**** SOURCE MATERIAL

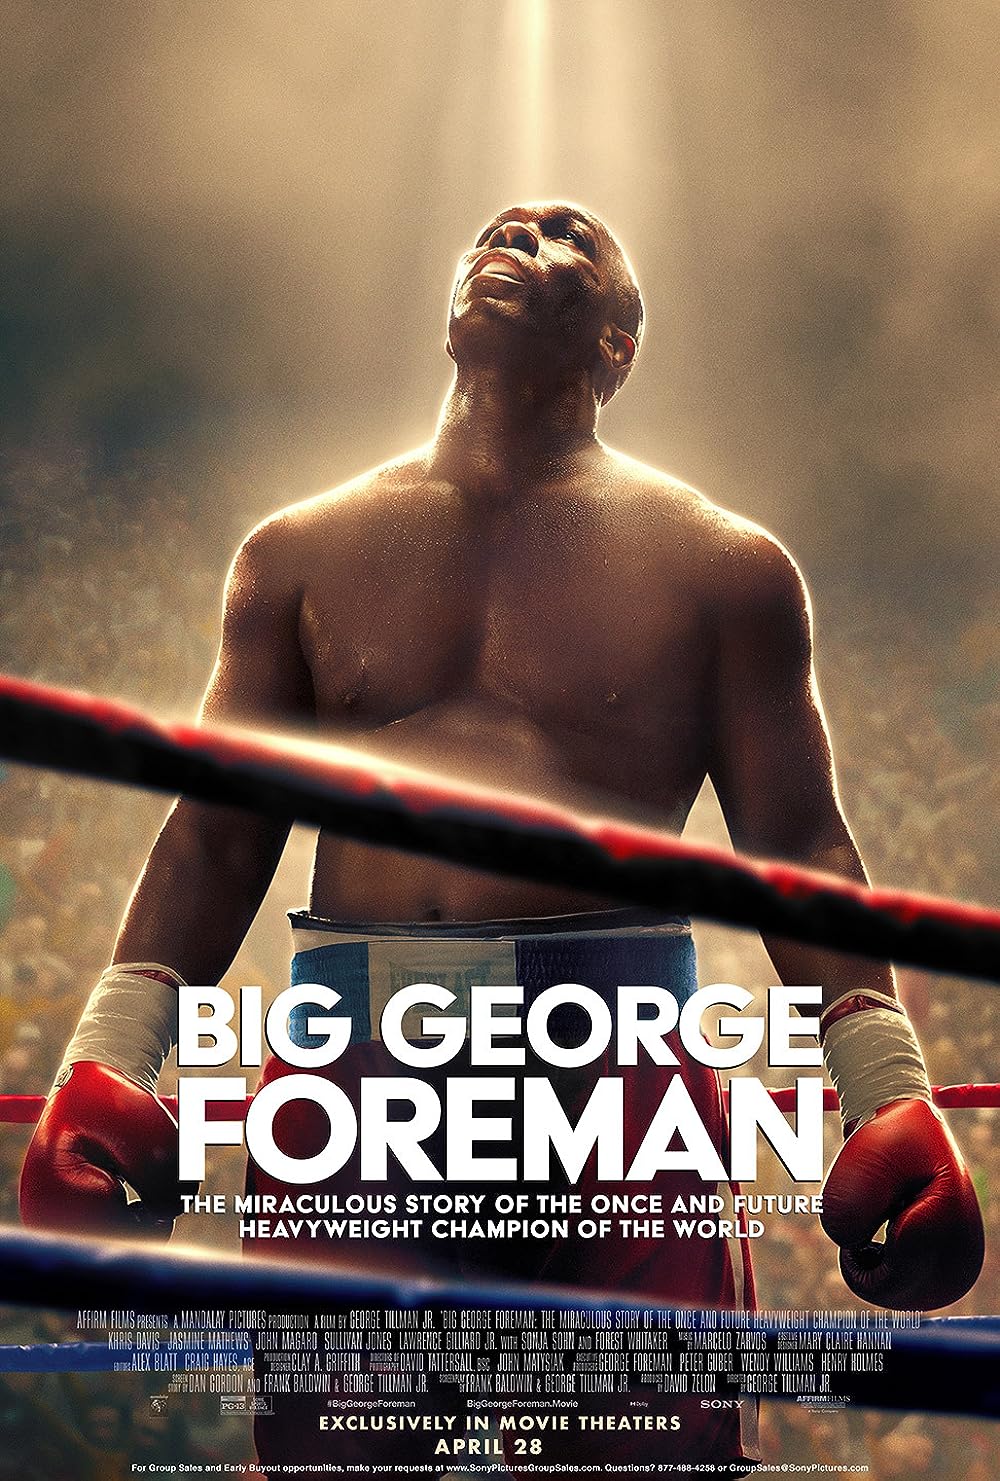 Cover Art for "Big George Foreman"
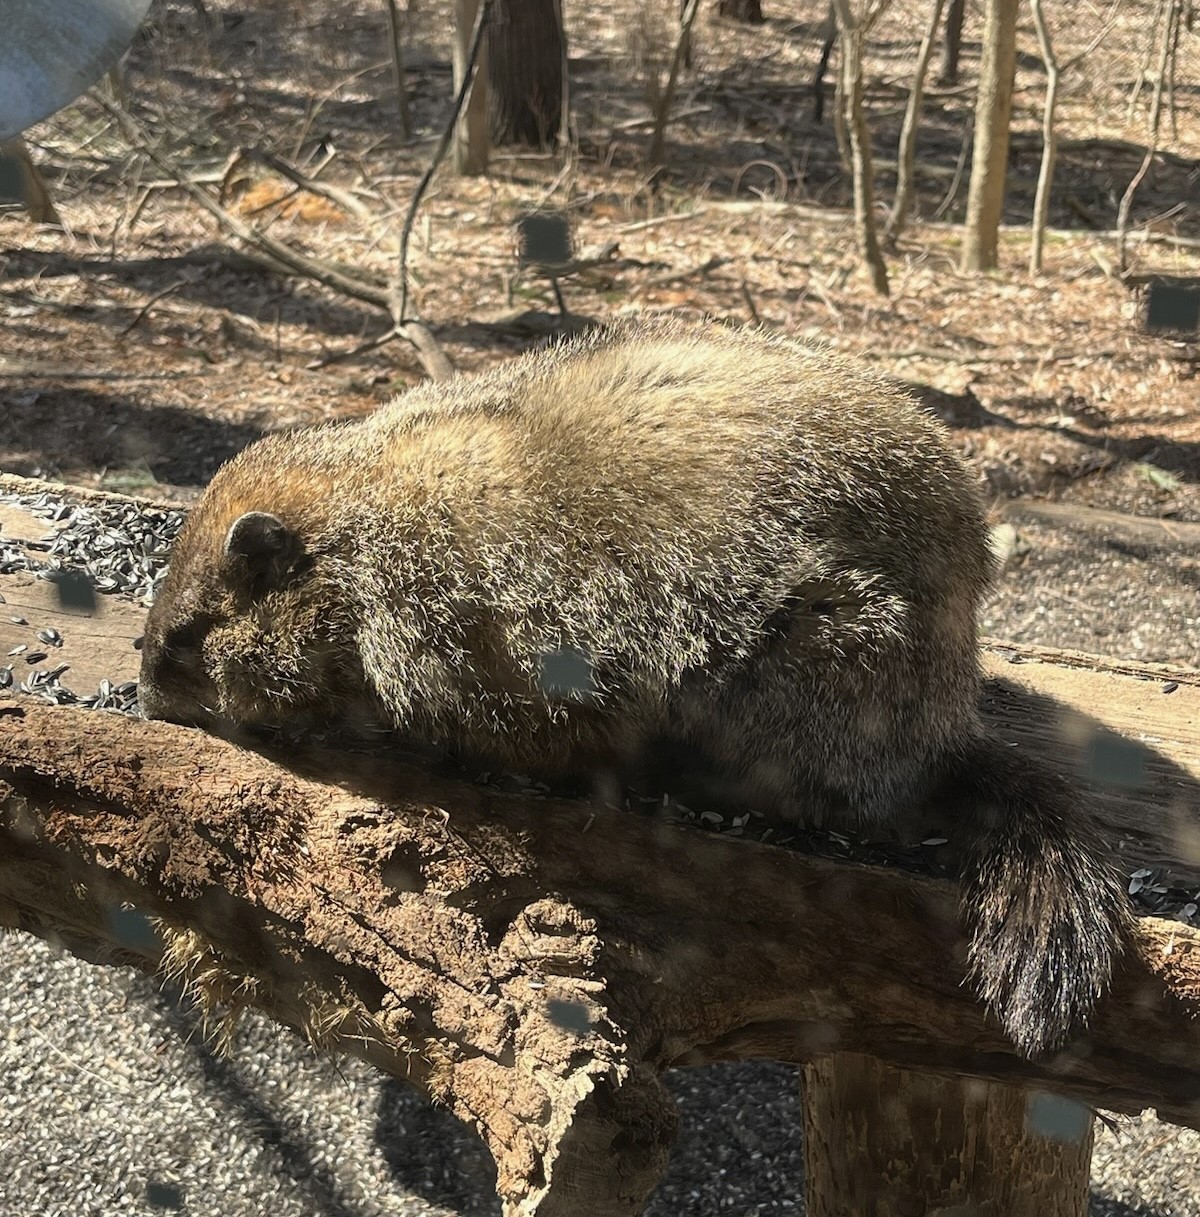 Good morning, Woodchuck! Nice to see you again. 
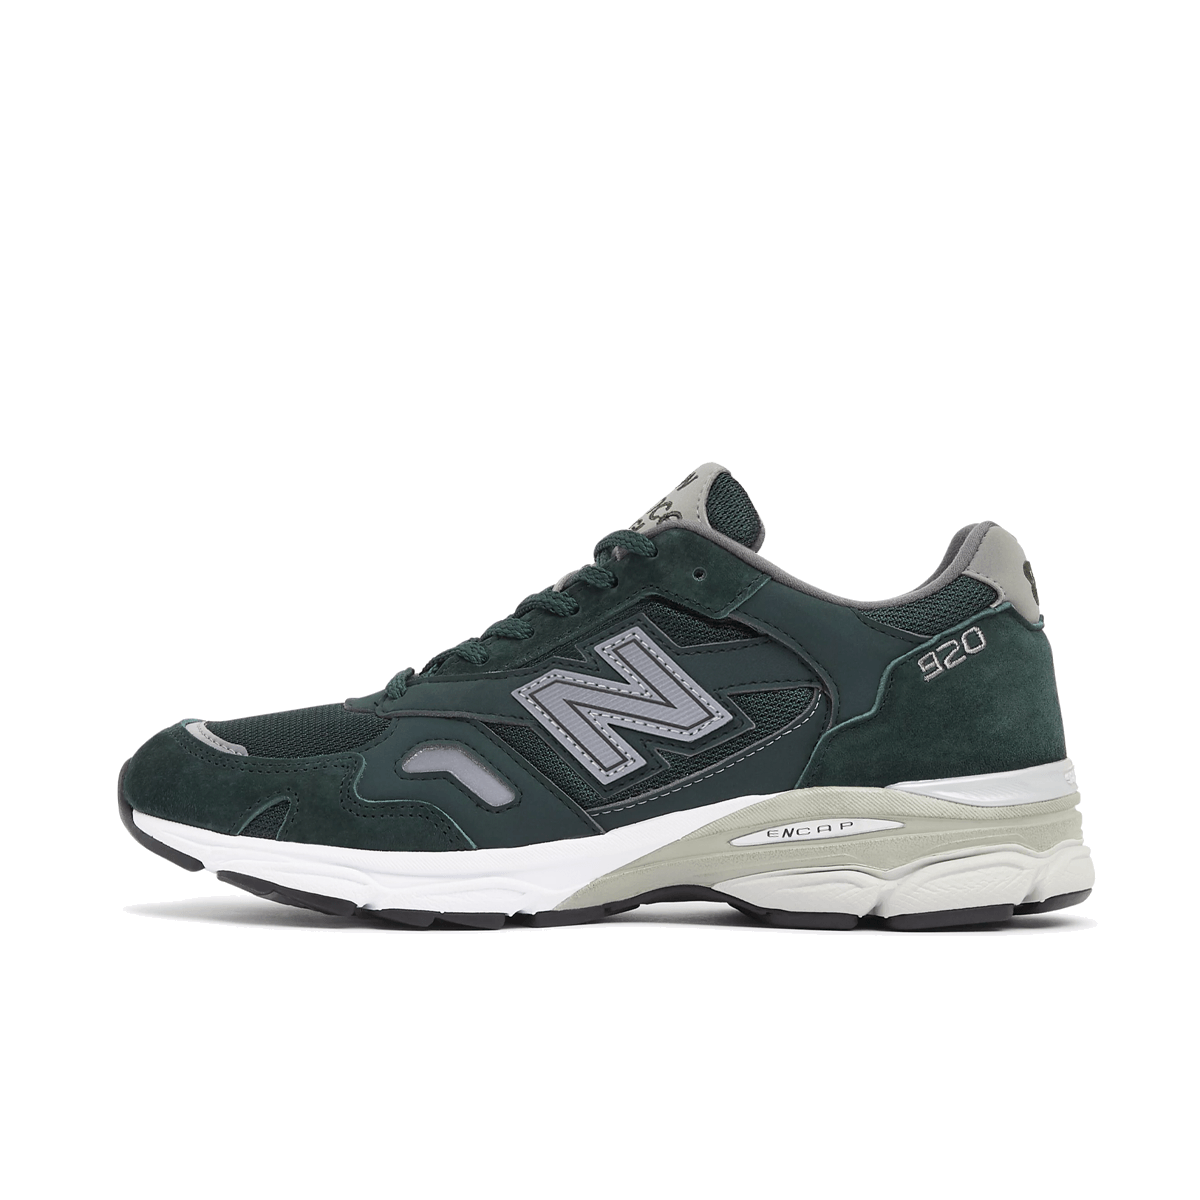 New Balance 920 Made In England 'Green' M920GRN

********

WORK REQUIRED: All of the listing above must be output exactly, except for its pictures.

RESPONSE BELOW:
 Cover Art for "Big George Foreman"
 Good morning, Woodchuck! Nice to see you again. 
 New Balance 920 Made In England 'Green' M920GRN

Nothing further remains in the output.